Air Force Standard of Dress AAP 5135.003, Chap 4, Para 18 stipulates that members are entitled to free medal mounting.
This seems like double standards to me.
I don’t mind paying the $44, but it should be across the board.
Capt Mark Tamblyn
1CSSB
Roberston Barracks
WO1 Jeff Hansen, RSM Ceremonial - Army, responds:
THE RAAF dress manual stipulates that medals are to be court mounted. CAF sees this as an expense brought upon the individual by the force and has authorised court mounting at public expense.
ABR 81 Uniform Instructions for the RAN states: “Personnel awarded medals (and therefore ribbons) may wear these items, on appropriate dress, at their own discretion”, and “The RAN does not provide mounting of medals.
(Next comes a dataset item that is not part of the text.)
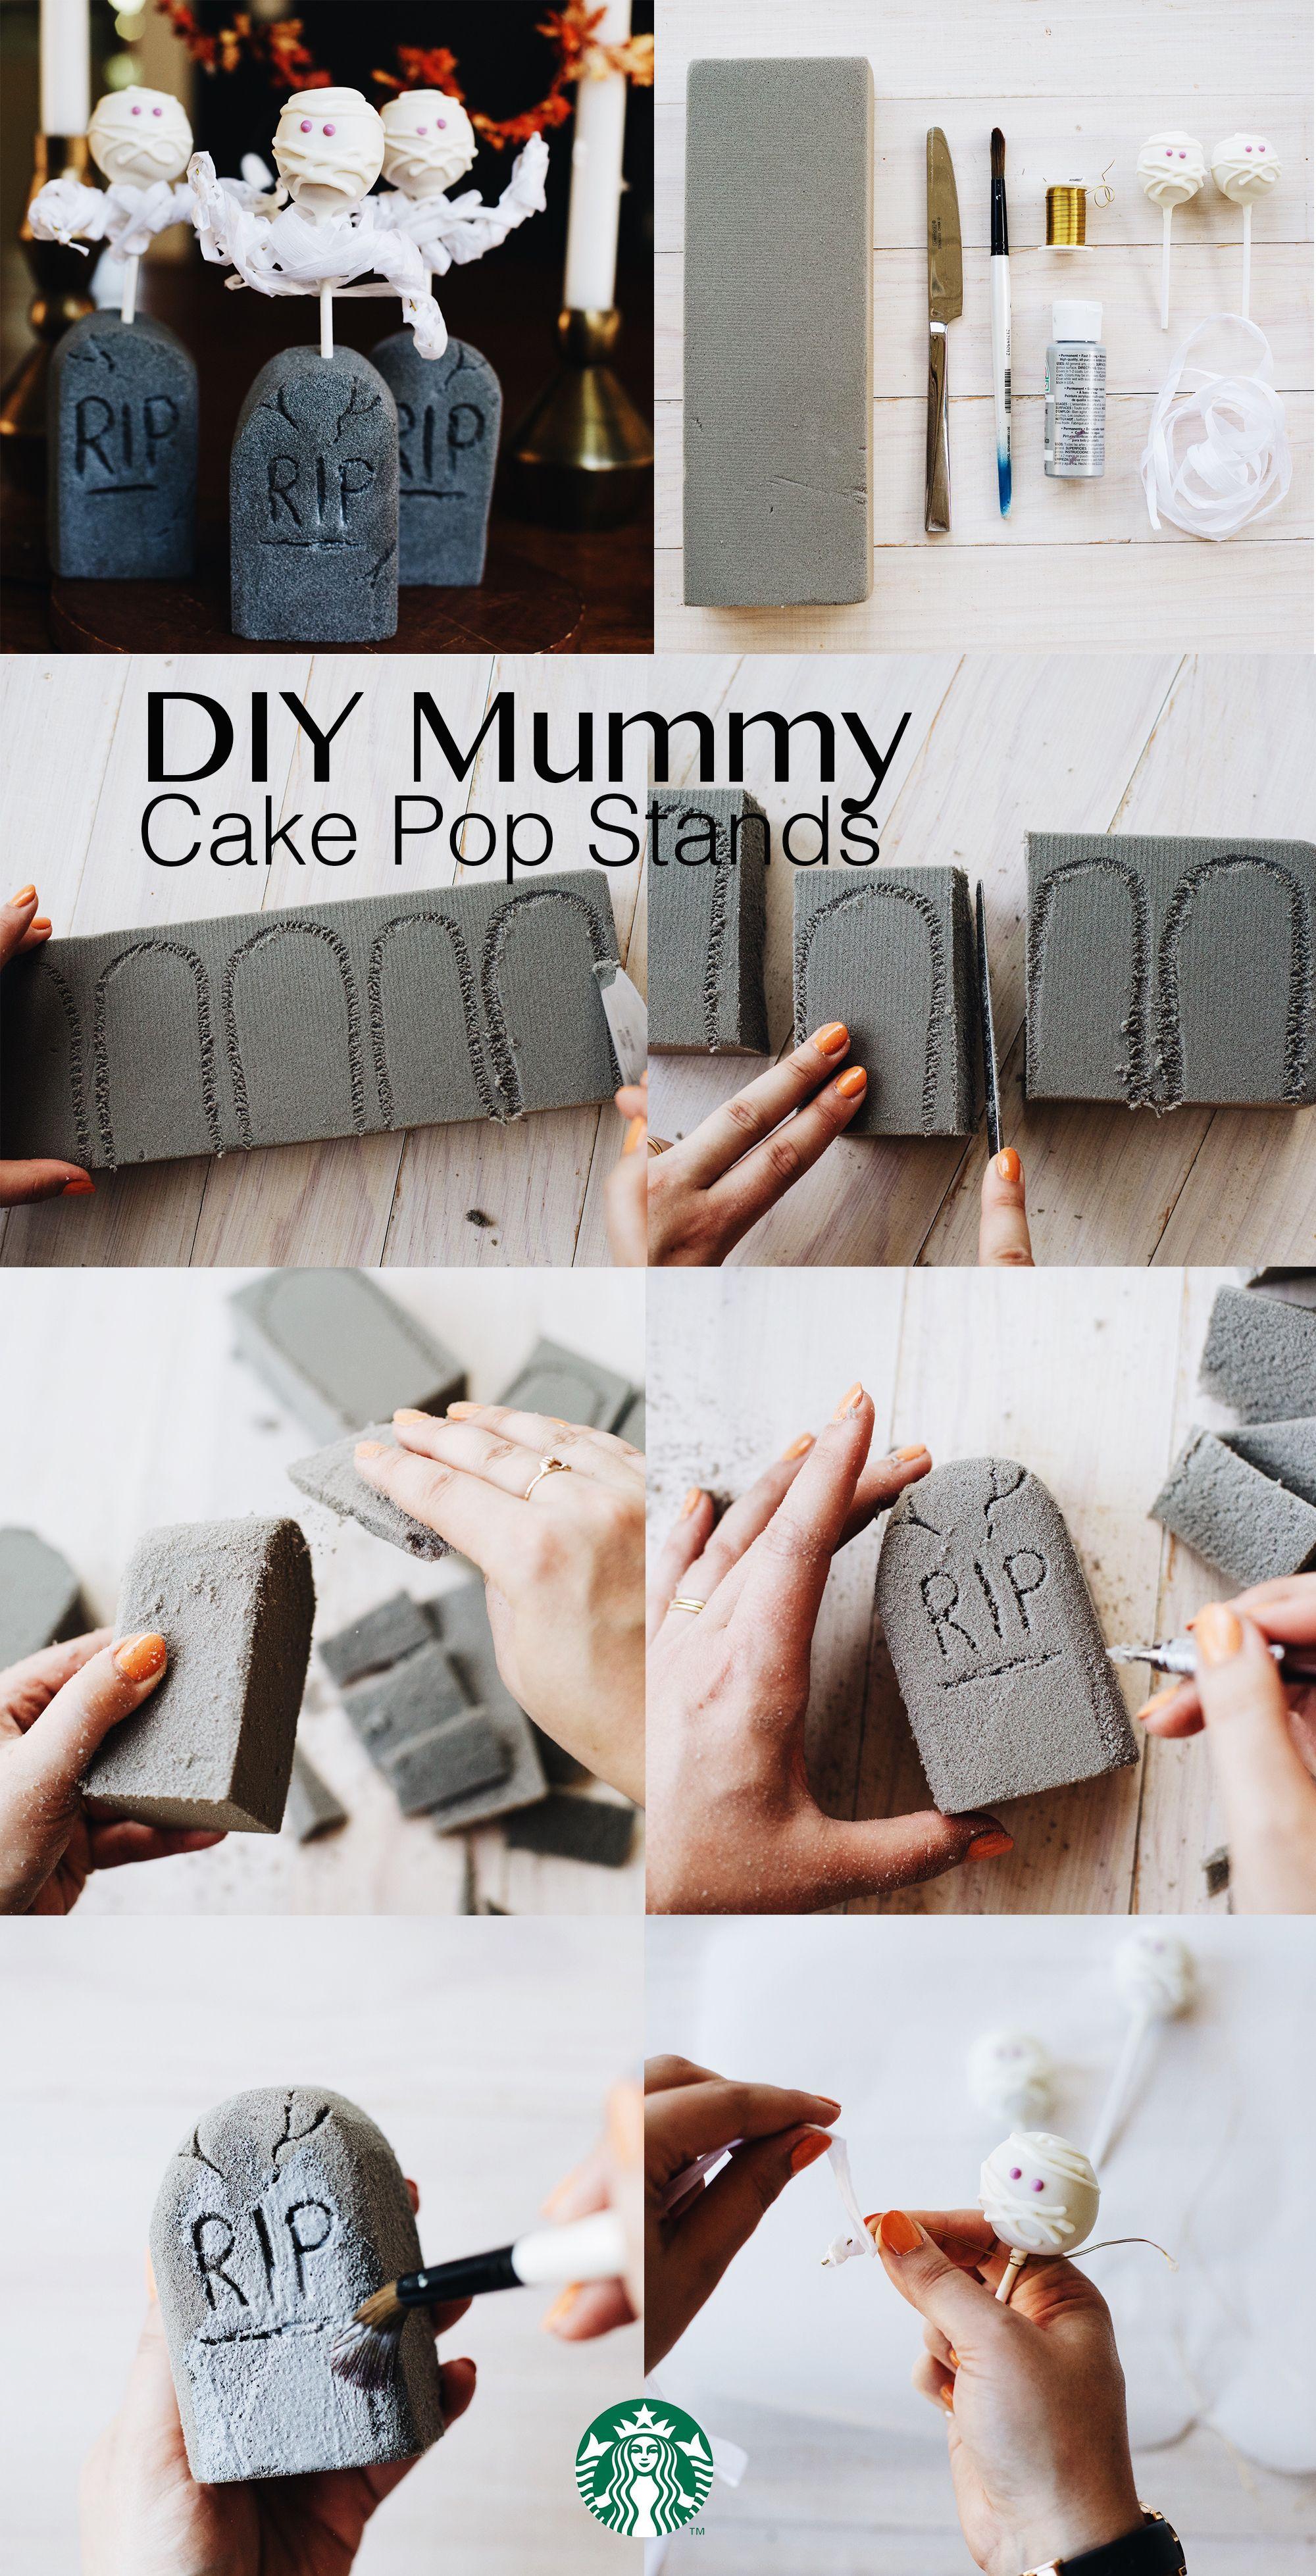 Starbucks Mummy Cake Pop Stands 1 Cut Headstone Shapes
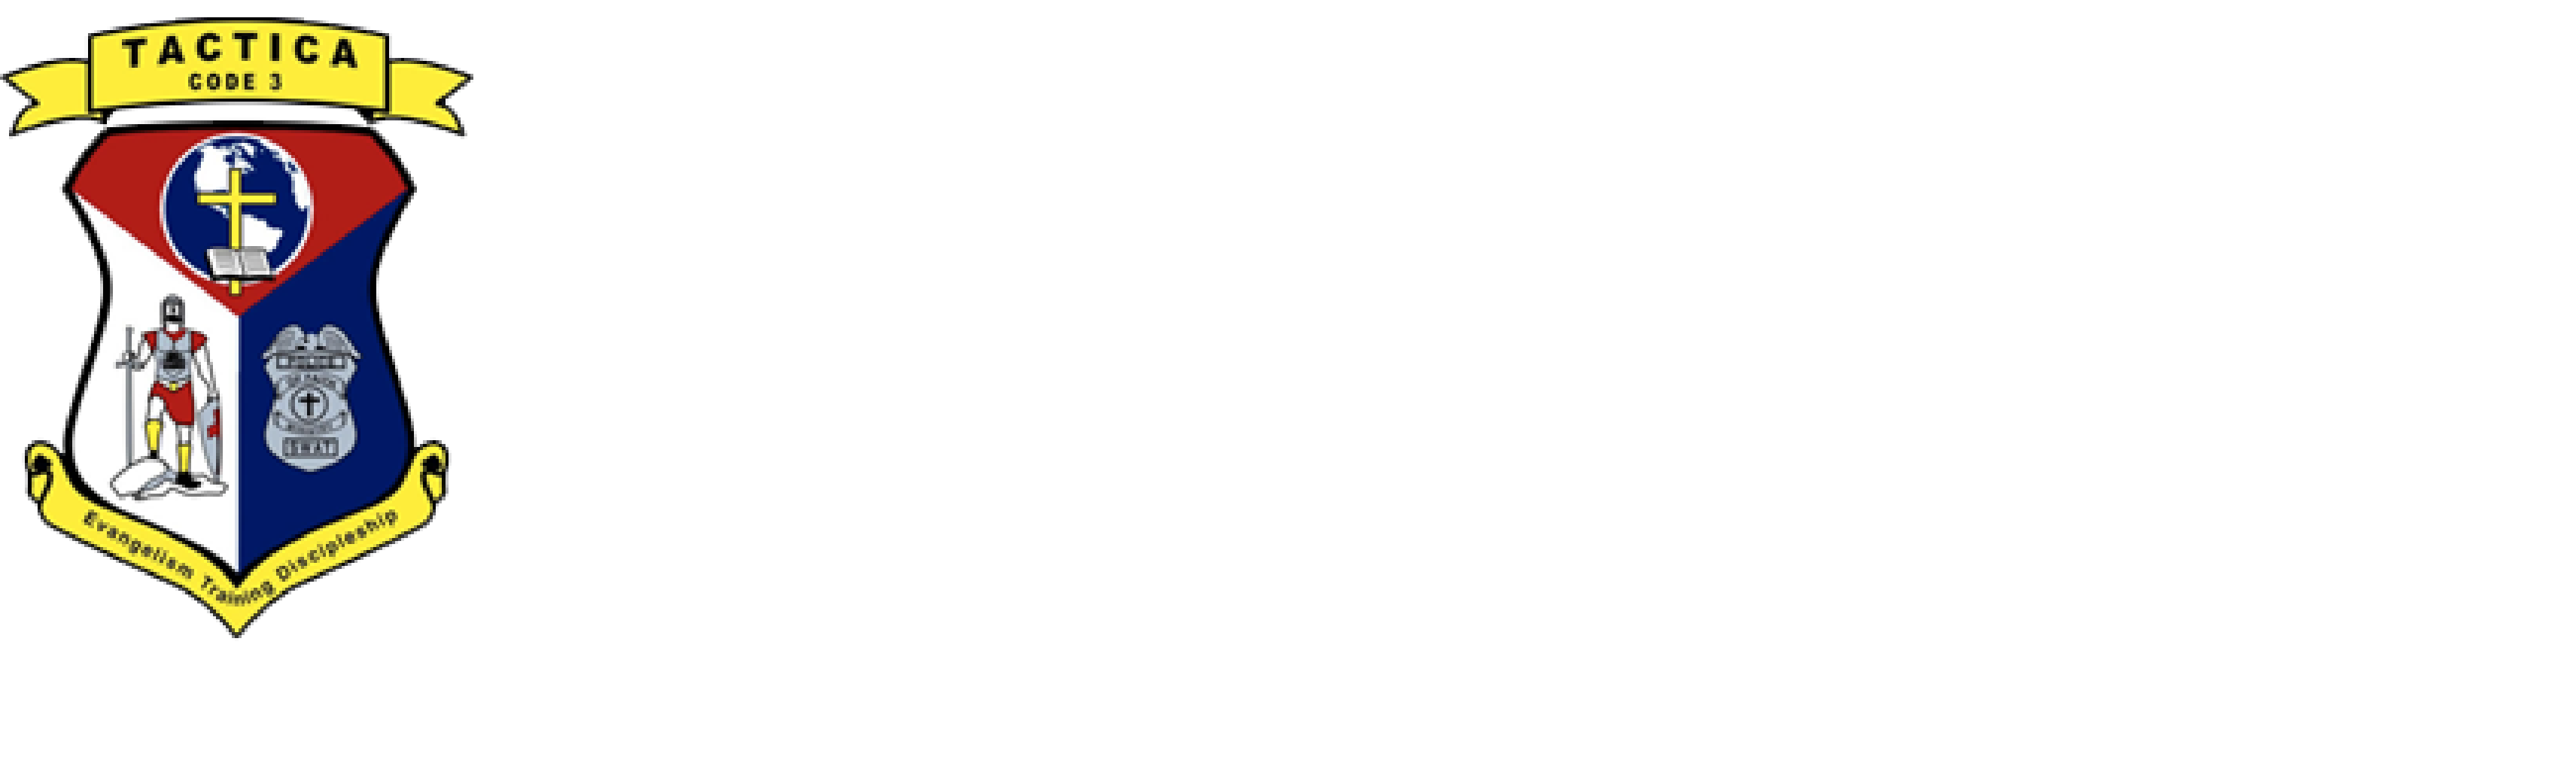 T.A.C.T.I.C.A. MINISTRIES

Personnel may elect to have medals mounted”. Put plainly, if Navy personnel decide to wear medals they do so at their own cost.
ASOD Vol 2, Pt 5, Ch 3, states in part that “medals are suspended from a medal bar” and “medals may be court mounted at the option and the expense of the individual”.
Therefore Army personnel have two options on how to mount their medals and it is an individual’s decision on how much to spend of his or her $503.96 per annum UMA.
I don’t see double standards here, but options that can be taken by Navy and Army personnel.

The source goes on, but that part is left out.